Is it true that for a fixed positive definite $C\in\mathbb{R}^{n\times n}$ and $M\in\mathbb{R}^{n\times n}$ and a positive definite $T\in\mathbb{R}^{n\times n}$ ($M$ and $T$ are to be chosen), \begin{align*} \text{Tr}(C(MCM^\top T^{-1}+I)^{-1}) \end{align*} is minimized when the eigenvalues of $MT^{-1}M^\top$ are maximized.
My intuition:
- If we were to simplify the matrices to just single variables (i.e., $1\times1$ matrices), the goal would simply become minimizing $\frac{C}{M^2C/T+1}=\frac{1}{M^2/T+1/C}$, which holds when $\frac{M^2}{T}$ is maximized.
- If they are all diagonal matrices, then the above is also true.

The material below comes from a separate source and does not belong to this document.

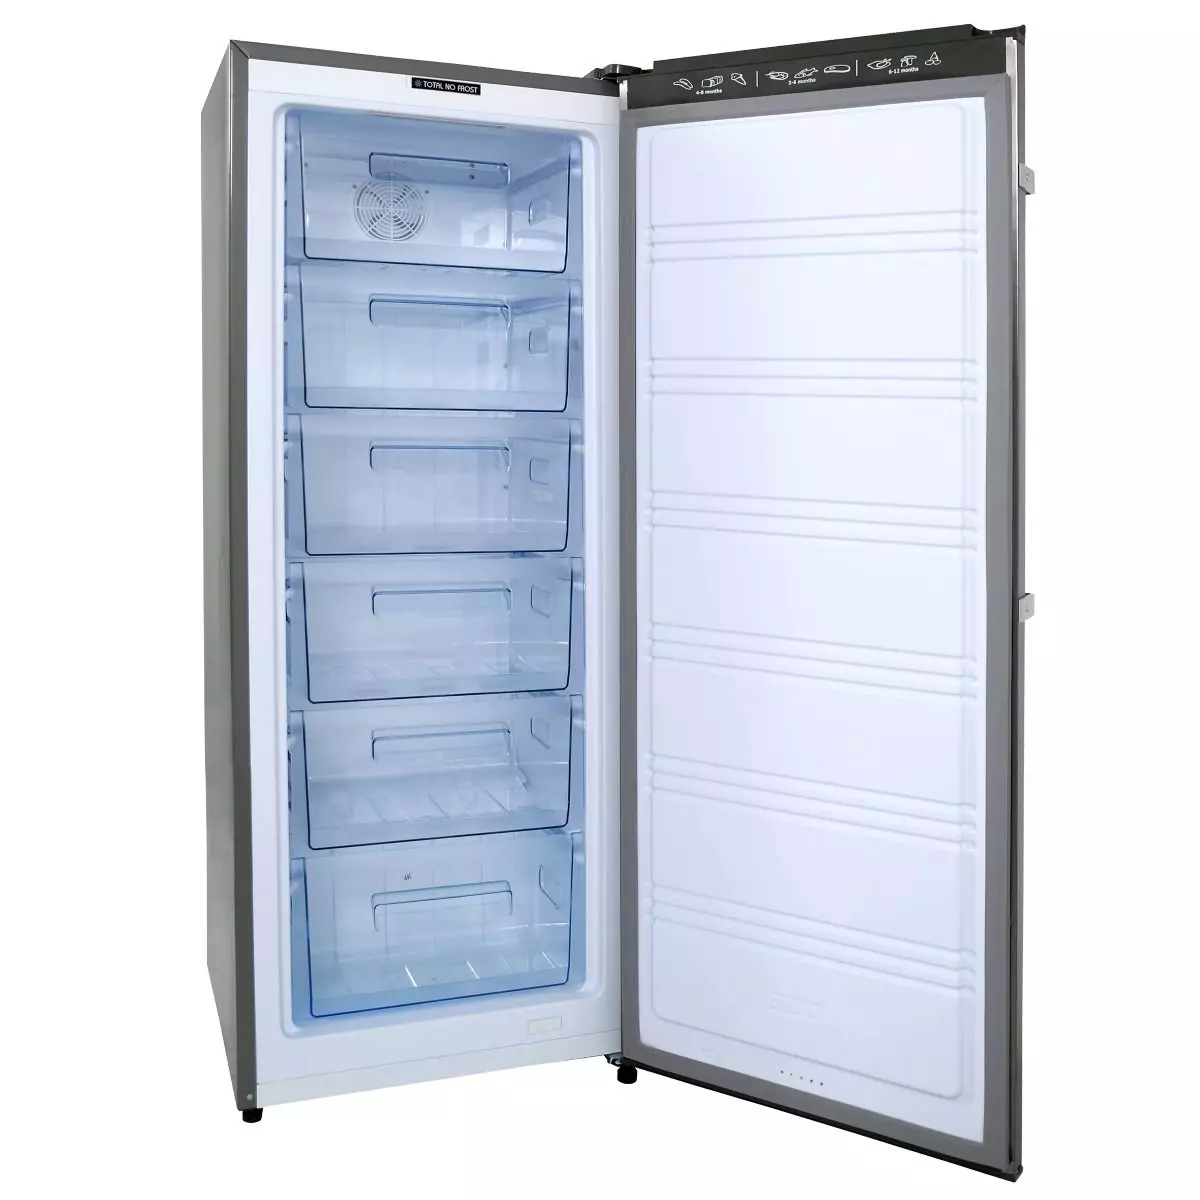 Fresh upright deep freezer, no frost, 6 drawers, digital touch screen, silver, FNU-MT270T

- I also thought of using Woodbury matrix identity to simplify the above equation but got stuck: \begin{align*} \text{Tr}(C(MCM^\top T^{-1}+I)^{-1}) &=\text{Tr}(CT(MCM^\top+T)^{-1}) \\ &=\text{Tr}(CT(T^{-1}-T^{-1}M(C^{-1}+M^\top T^{-1}M)^{-1}M^\top T^{-1})) \\ &=\text{Tr}(C(I-M(C^{-1}+M^\top T^{-1}M)^{-1}M^\top T^{-1})) \\ &=\text{Tr}(C)-\text{Tr}(CM(C^{-1}+M^\top T^{-1}M)^{-1}M^\top T^{-1}) \\ &=\text{Tr}(C)-\text{Tr}(CM^\top T^{-1}M(C^{-1}+M^\top T^{-1}M)^{-1}). \end{align*} Then minimizing the above is just maximizing $\text{Tr}(CM^\top T^{-1}M(C^{-1}+M^\top T^{-1}M)^{-1})$ since $C$ is fixed. I got stuck at this point.